Plusieurs espèces (Ochna pulchra, Brachystegia boehmii, Dichrostachys cinerea, Acacia erioloba, Baikiaea plurijuga, etc.) se régénèrent par MV (Coates-Palgrave & Tiffin 1997) ; de plus, complication supplémentaire, certaines espèces développent des TL, suffrutex et caudex (chapitre 3.8) au fur et à mesure que les conditions écologiques se détériorent (aridité accrue, périodes de froid intense, inondations temporaires par exemple pour certains massifs suffrutescents). Coates-Palgrave (1998) admet, qu’en Afrique de l’Est, cette conception de la régénération par Dr et MT est loin d’être universellement acceptée (Coates-Palgrave 1998 ; Bellefontaine et al. 2003-a, 2003-b) et est convaincue que dans les formations naturelles zimbabwéennes, le nombre de ligneux provenant de semis naturels est très réduit.

En Afrique de l’Est, Timberlake et al. (2010) comparent deux parcelles, l’une dans un miombo de Zambie un an après une coupe rase et l’autre dans les formations soudaniennes du Burkina Faso deux ans après une coupe à blanc. Le miombo présente 56,4 % de semis (14 575 semis par ha), 38,1 % de « seedling sprouts » (= 9 850 rejets de semis par ha : ce sont des semis détruits par les animaux et qui rejettent – Encadré n° 6), 5,5 % de RS, pas de Dr, ni de RB (« water sprouts »), alors que les proportions sont très différentes au Burkina Faso : 3,5 % de semis (1 154 individus par ha), 84,5 % de « seedling sprouts » (28 269 par ha), 6 % de RS (2 000 par ha), 3,9 % de Dr et 2,2 % de RB.

En Ouganda, plusieurs livres, articles et communications ont permis de mieux connaître les aptitudes au Dge et à la MVfc de plus d’une quarantaine de ligneux (Meunier 2005, 2006, 2007, 2008 ; Meunier et al. 2006-b, 2006-c, 2007, 2008-a ; Morin et al. 2006). Elles ont été résumées dans les publications de Meunier et al. 2006-a, 2008-b, 2010 et de Morin et al. 2010).

148 Dans l’île de Mayotte, Litsea glutinosa, introduit dans la deuxième moitié du XIXème siècle, doit son caractère envahissant notamment à son grand potentiel d’émission de Dr. Pour les peuplements de l’île, Jacq (2001) retient en moyenne un taux minimal de Dge de 42 %.
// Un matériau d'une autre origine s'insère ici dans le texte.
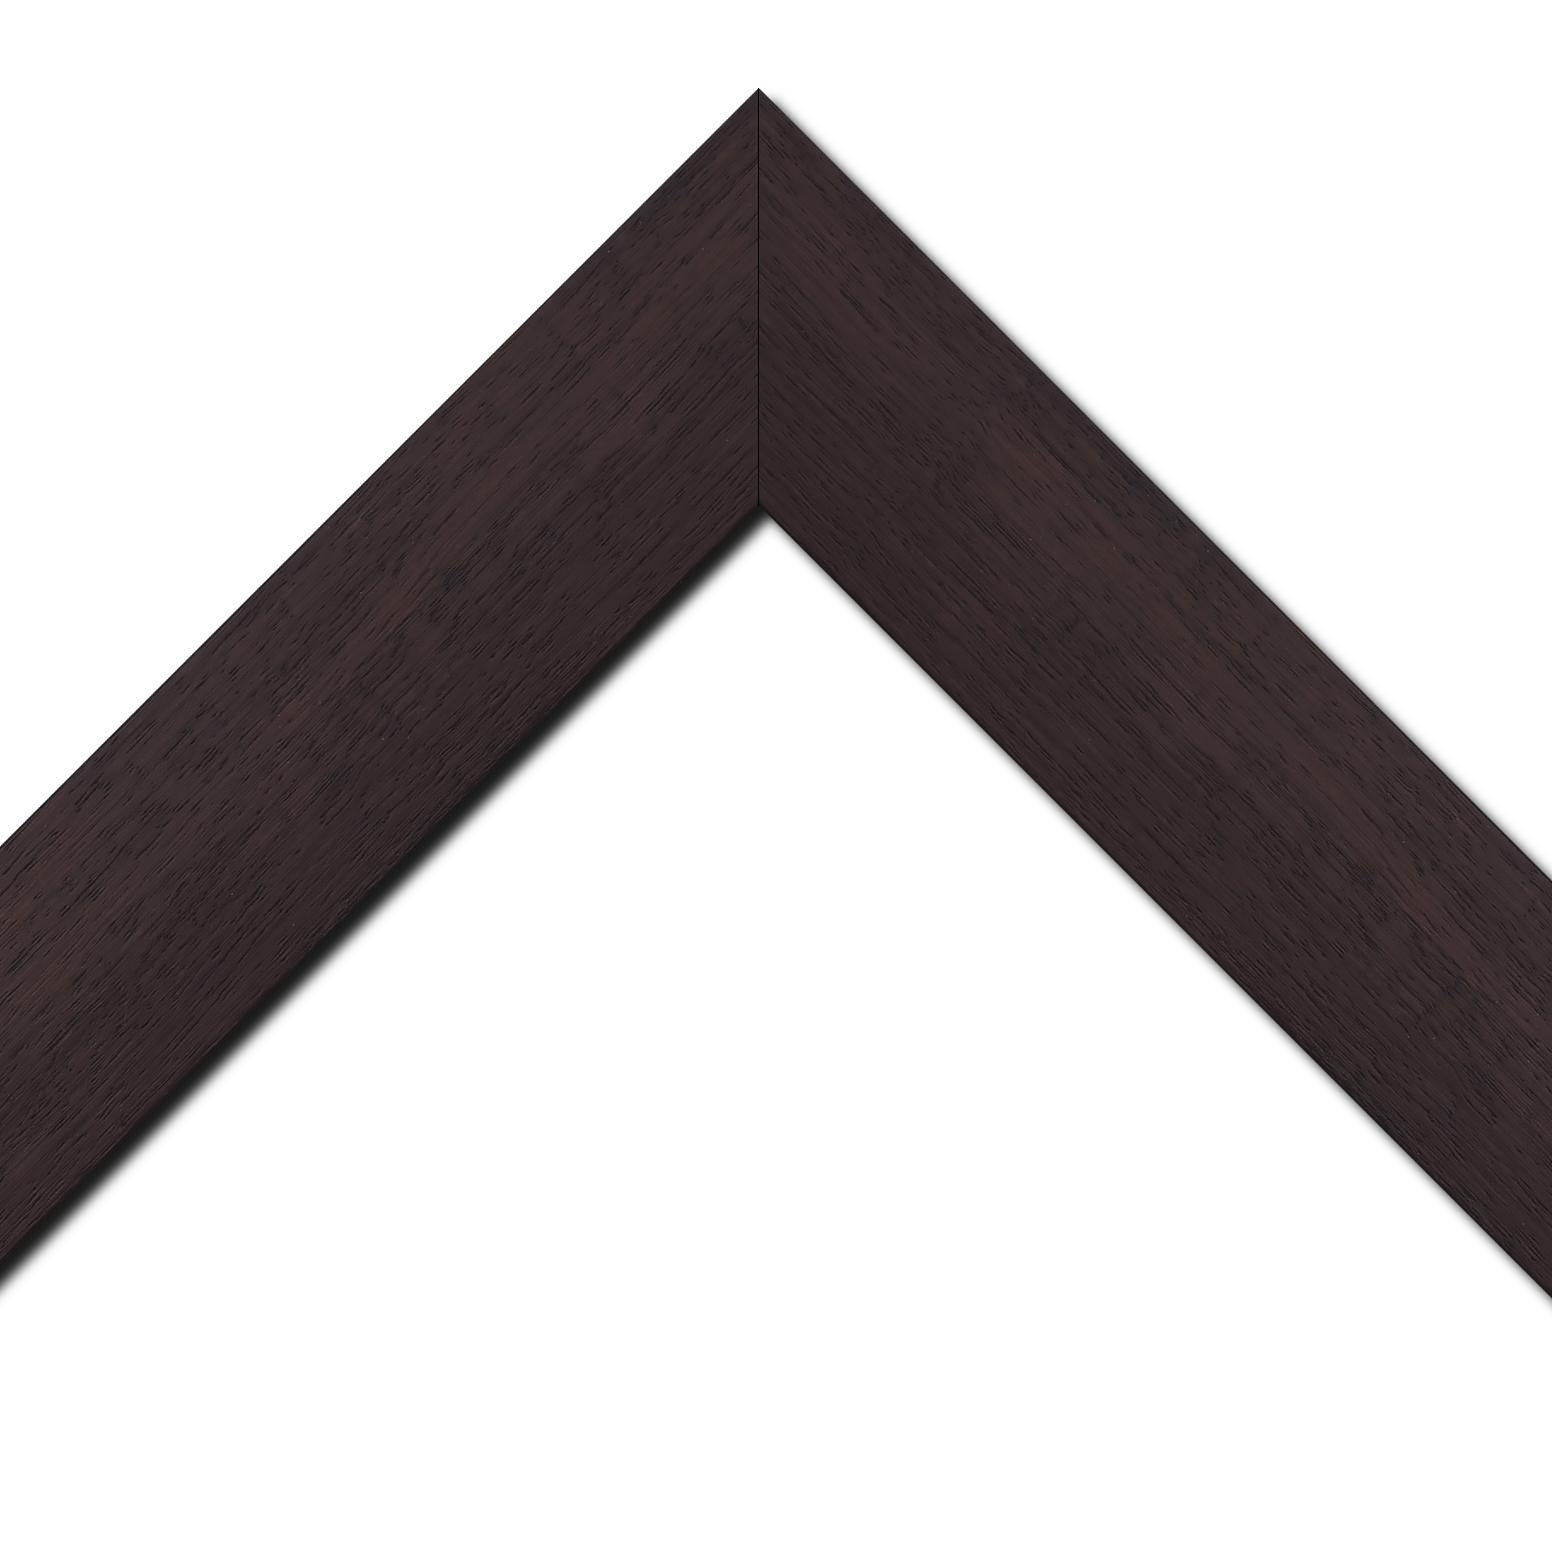 Cadre  bois marron tons bois — 84.1 x 118.9

Figure n° 91. En Polynésie, après avoir déterré la racine superficielle, on voit de jeunes drageons de Litsea glutinosa (Photo F. Jacq).

En Inde, Troup (1921) signale que plus de 120 espèces drageonnent, citées et reprises dans un premier tableau par Bellefontaine (2005-a). En Inde Centrale, dans la forêt de Govindgarh, Awasthi (1986) observe un Dge relativement important chez Diospyros melanoxylon et suggère son utilisation dans les jachères et les zones considérées comme marginales pour couvrir le sol.

Dans le continent nord-américain, de vastes forêts mixtes à base de conifères et de peupliers (Populus tremuloides) sont assez régulièrement dévastées par des feux. Dès lors, les peupliers colonisent l’écosystème et envahissent tout l’espace (Schier 1973-a ; Jones & Trujillo 1975 ; Bartos & Mueggler 1982 ; Corns & Maynard 1998 ; etc.) grâce à la MV, par RS et Dr surtout. Ainsi par exemple, Hinds & Shepperd (1987) rapportent la production de milliers de Dr de P. tremuloides par acre après une mise à blanc dans l’Ouest des Etats Unis. Ces perturbations détruisent les arbres parents, ce qui induit le processus de Dge par contrôle hormonal (Steneker 1974 ; Navratil 1991). Au Canada, Lavertu et al. (1994) affirment que plusieurs études relatives aux coupes à blanc et aux feux contrôlés ont montré que le Dge de P. tremuloides est déclenché par ces perturbations.

Après ce très rapide tour d’horizon mondial, nous essaierons de condenser dans ce chapitre,

la plupart des facteurs influençant le Dge qui sont cités dans de très nombreux articles traitant

principalement des régions boréales, tempérées et parfois – plus récemment – méditerranéennes et tropicales. Suite logique à la synthèse des principales caractéristiques du Dge, l’induction artificielle du drageonnage (I°D - chapitre 5.8) et ses avantages seront alors présentés comme conclusion à ce chapitre.